Fastest file reading in a multi-threaded applicati

2019-04-24 10:52发布

问题:

I have to read a 8192x8192 matrix into memory. I want to do it as fast as possible.
Right now I have this structure:

char inputFile[8192][8192*4]; // I know the numbers are at max 3 digits
int8_t matrix[8192][8192]; // Matrix to be populated

// Read entire file line by line using fgets
while (fgets (inputFile[lineNum++], MAXCOLS, fp));

//Populate the matrix in parallel, 
for (t = 0; t < NUM_THREADS; t++){
    pthread_create(&threads[t], NULL, ParallelRead, (void *)t);
}

In the function ParallelRead, I parse each line, do atoi and populate the matrix. The parallelism is line-wise like thread t parses line t, t+ 1 * NUM_THREADS..

On a two-core system with 2 threads, this takes

Loading big file (fgets) : 5.79126
Preprocessing data (Parallel Read) : 4.44083

Is there a way to optimize this any further?

回答1:

It's a bad idea to do it this way. Threads can get your more cpu cycles if you have enough cores but you still have only one hard disk.

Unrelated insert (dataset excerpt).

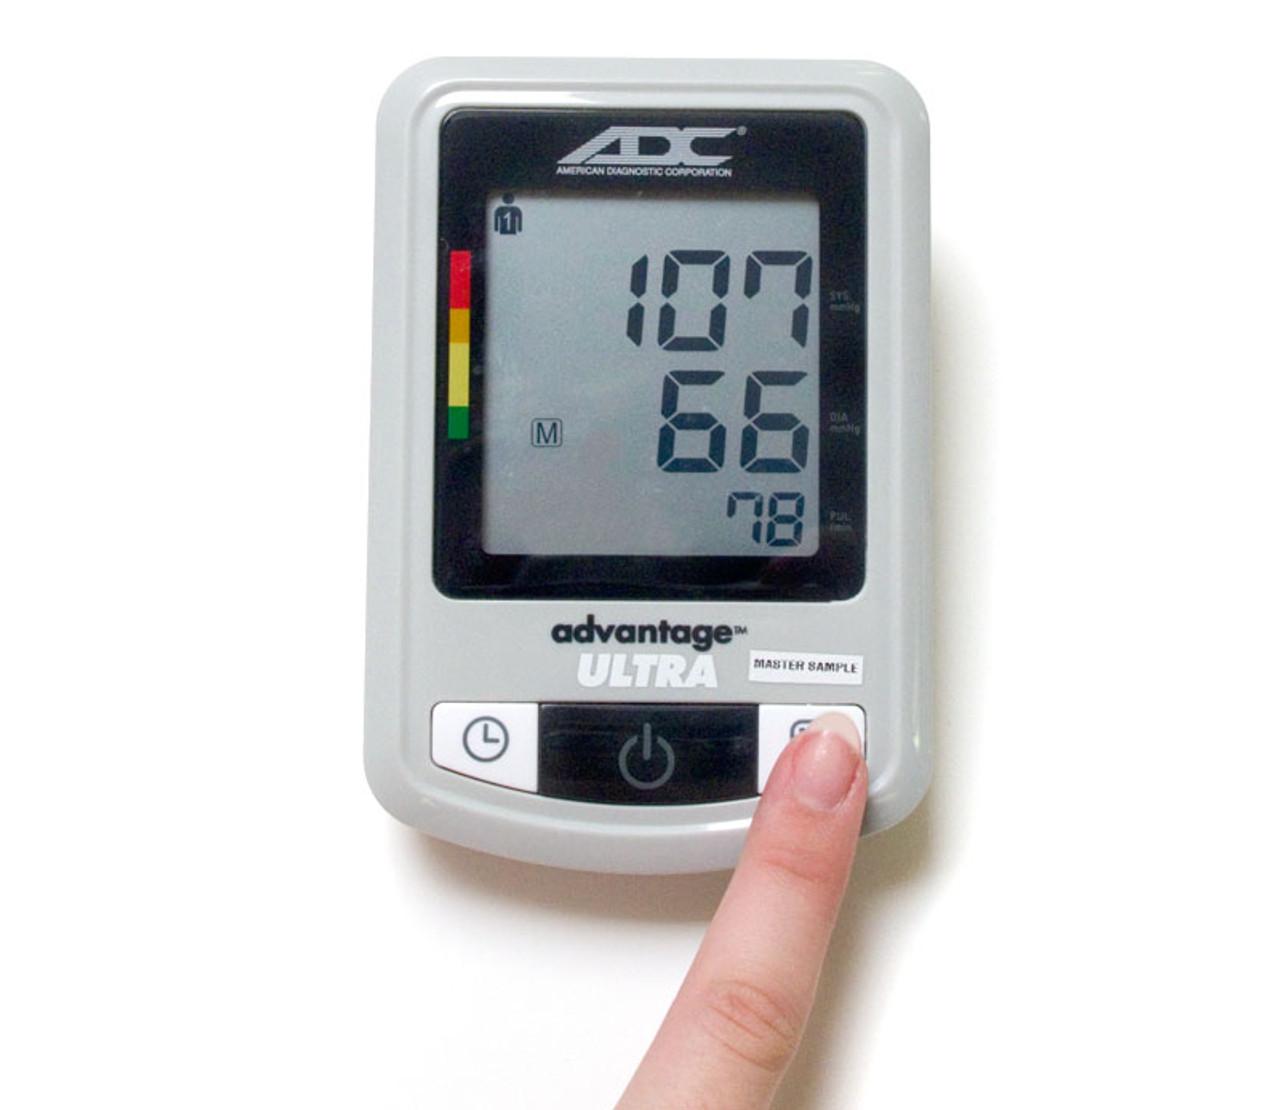 ADC 6022N Advantage? Plus Automatic BP Monitor

So inevitably threads cannot improve the speed of reading file data.

They actually make it much worse. Reading data from a file is fastest when you access the file sequentially. That minimizes the number of reader head seeks, by far the most expensive operation on a disk drive. By splitting the reading across multiple threads, each reading a different part of the file, you are making the reader head constantly jump back and forth. Very, very bad for throughput.

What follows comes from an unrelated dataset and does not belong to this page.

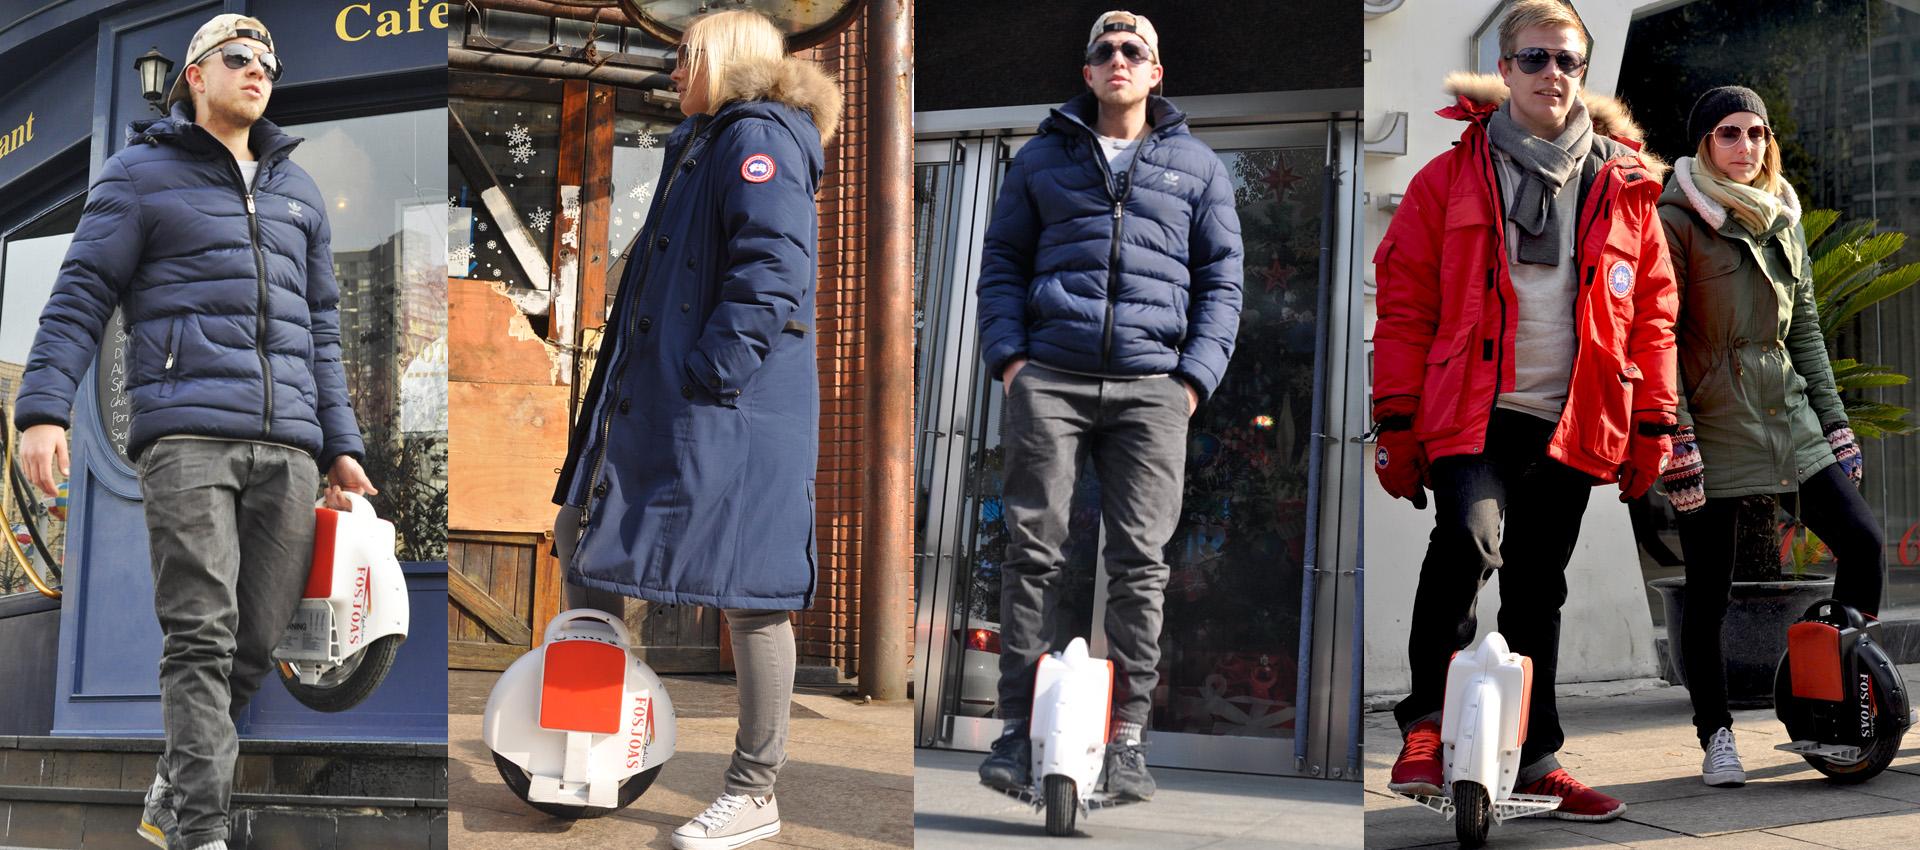 FOSJOAS Scooters Leads a Hi-tech Future

Use only one thread to read file data. You might be able to overlap it with some computational cycles on the file data by starting a thread once a chunk of the file data is loaded.

Do watch out for the test effect. When you re-run your program, typically after tweaking your code somewhat, it is likely that the program can find file data back in the file system cache so it doesn't have to be read from the disk. That's very fast, memory bus speed, a memory-to-memory copy. Pretty likely on your dataset since it isn't very big and easily fits in the amount of RAM a modern machine has. This does not (typically) happen on a production machine. So be sure to clear out the cache to get realistic numbers, whatever it takes on your OS.



回答2:

One thing worth considering is allocating two smaller input buffers (say they will be 200 lines each).

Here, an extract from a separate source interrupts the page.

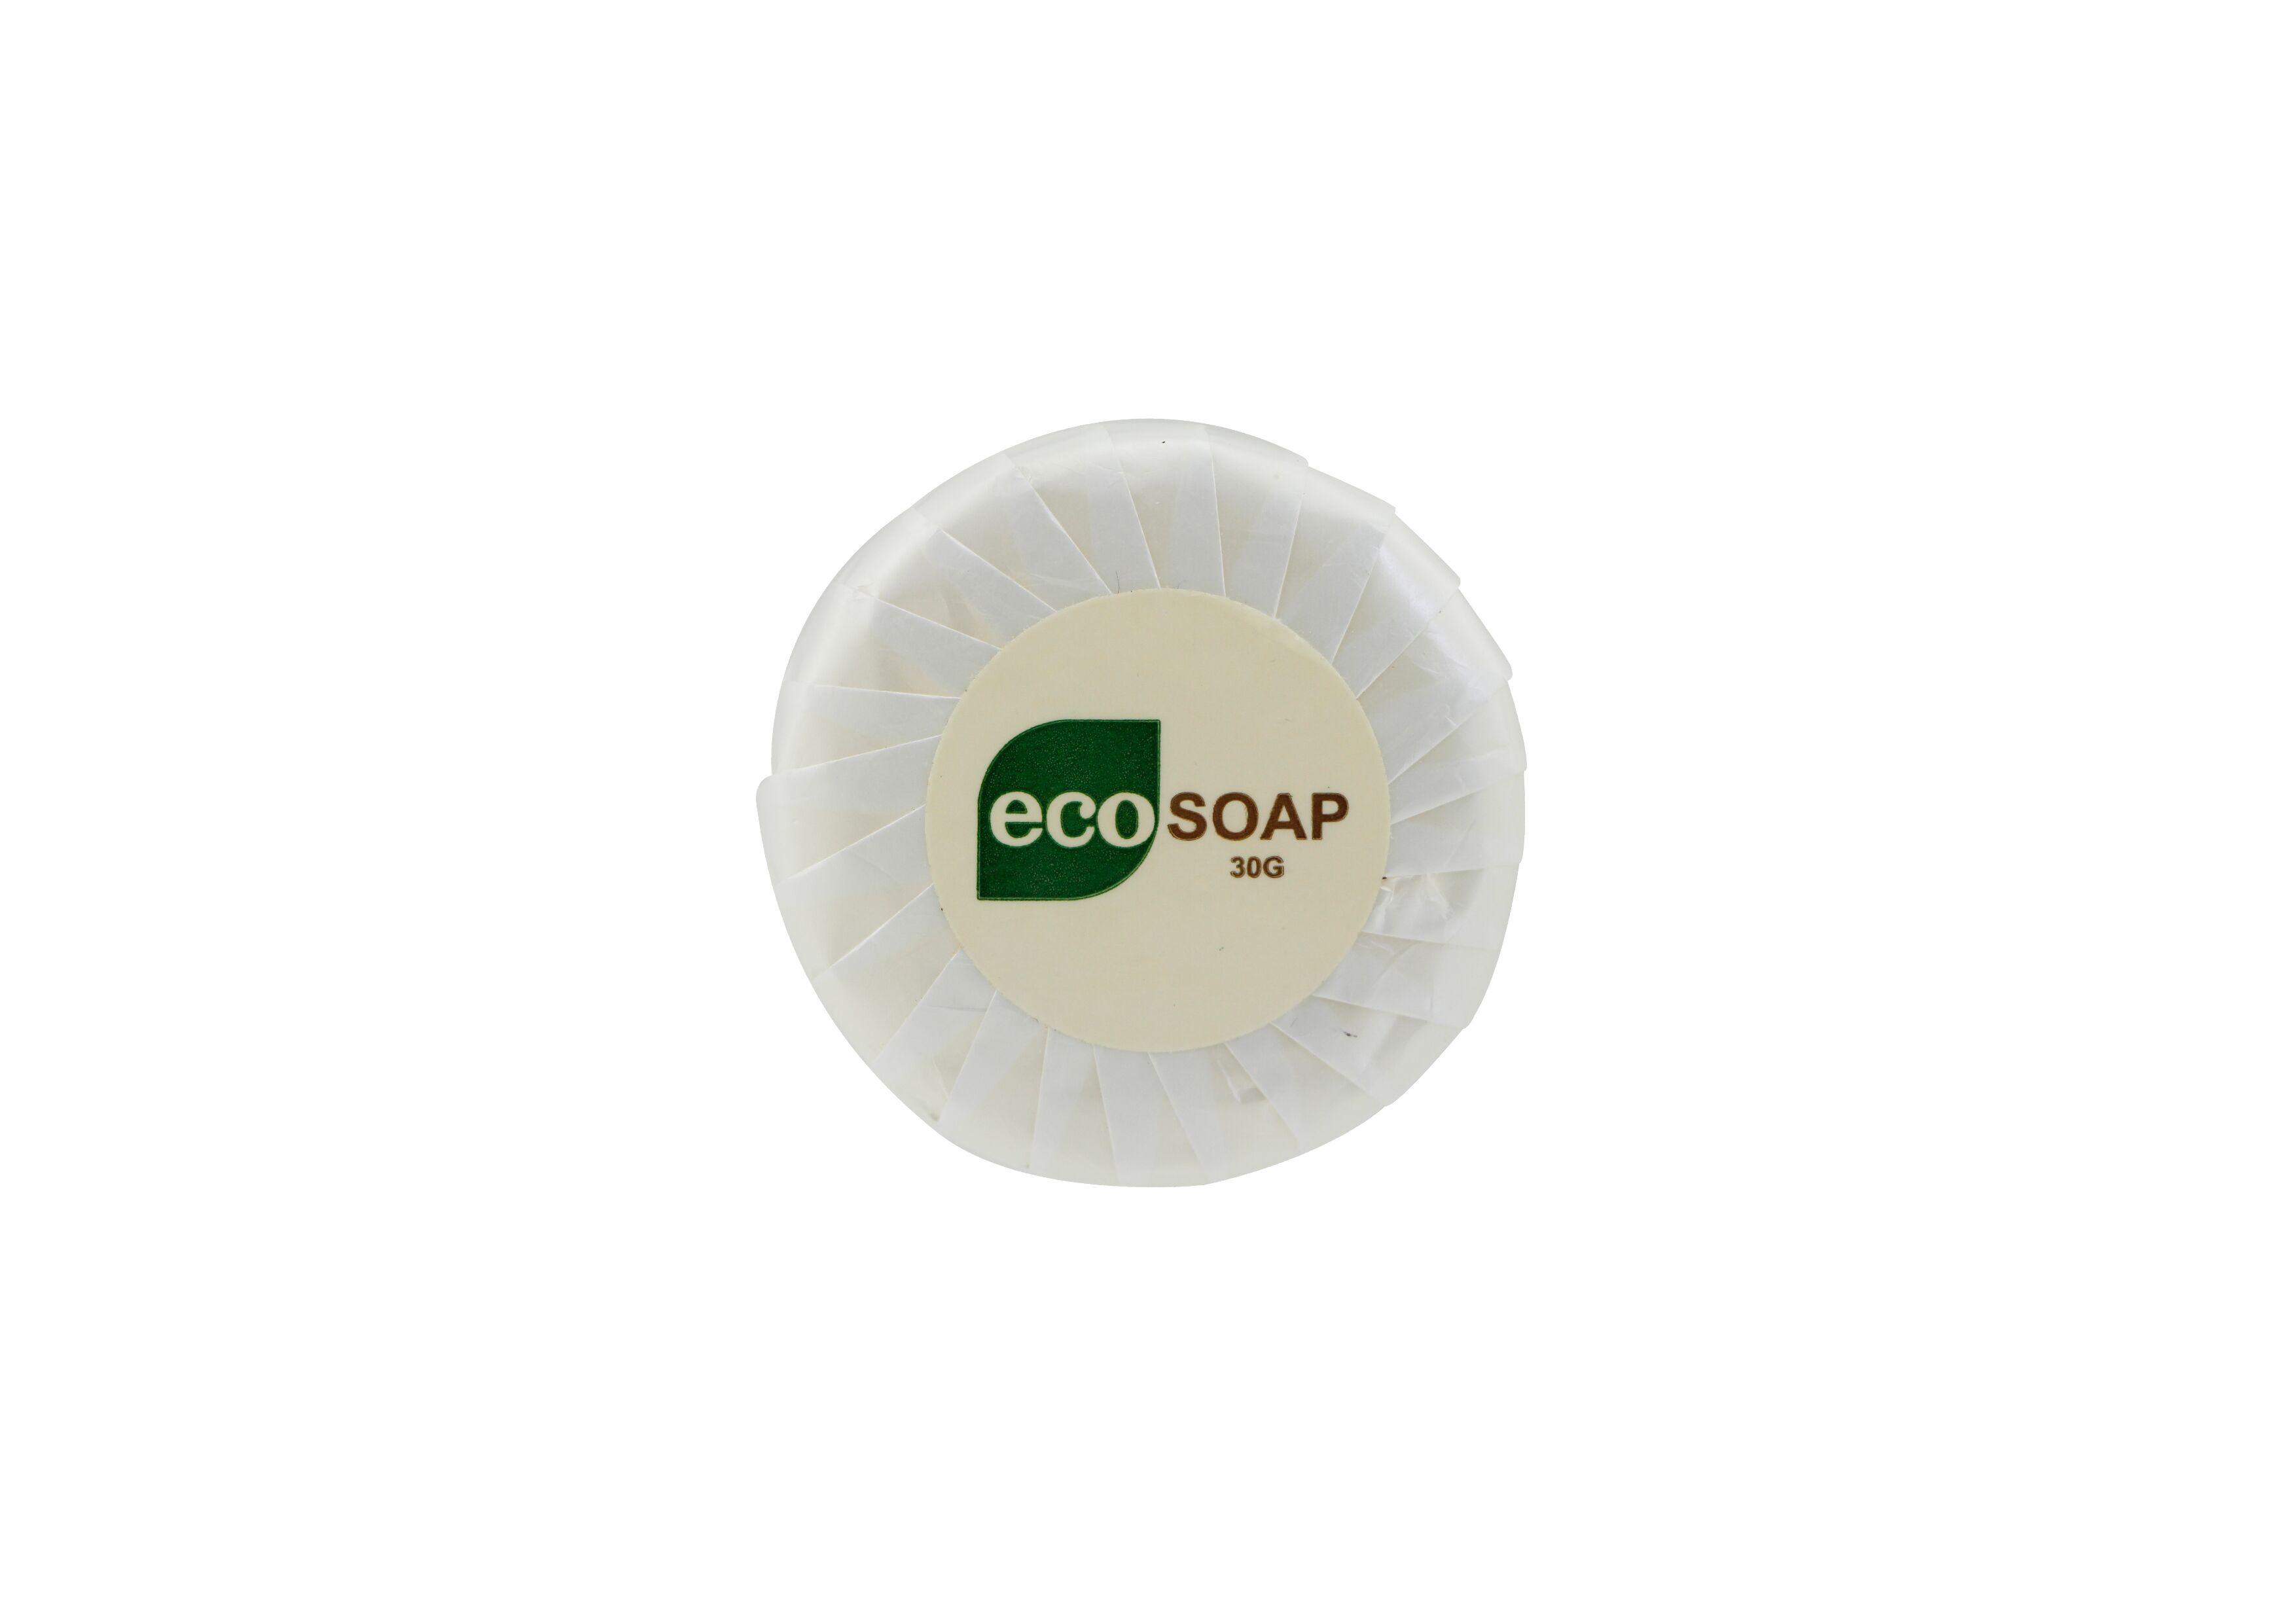 30g ECO Bath Soap

Then have one thread read data into the input buffers. When one input buffer is full, pass it to a second thread that does the parsing. This second thread could use a thread pool for concurrent parsing (check openMP).

You will have to use locks/mutexes to ensure that either thread has exclusive access.

This would be better because the parsing now is concurrent with reading the file, and you memory access to the buffer is more local and will fit into your CPU cache. This can improve reading and parsing speed.

If fgets is the bottleneck, you can also read the file into memory as binary. This could improve read speed, but will require you to do extra parsing and will make the abovementioned optimization harder to carry out.



回答3:

Try a parent thread that loads the character array using something like fread to load everything in 1 io as a great big string.

Have the parent walk the string, and find 1 line, or calculate where the first line is based on sizes. Hand the processing of that line off to a thread. Next Line, Rinse, Repeat, until EOF. Sync with the threads. Done.



回答4:

The best performance you can get with file I/O is via memory mapping. This is an example. I would start from a single threaded design and if post-load processing proves to be a bottleneck make it parallel.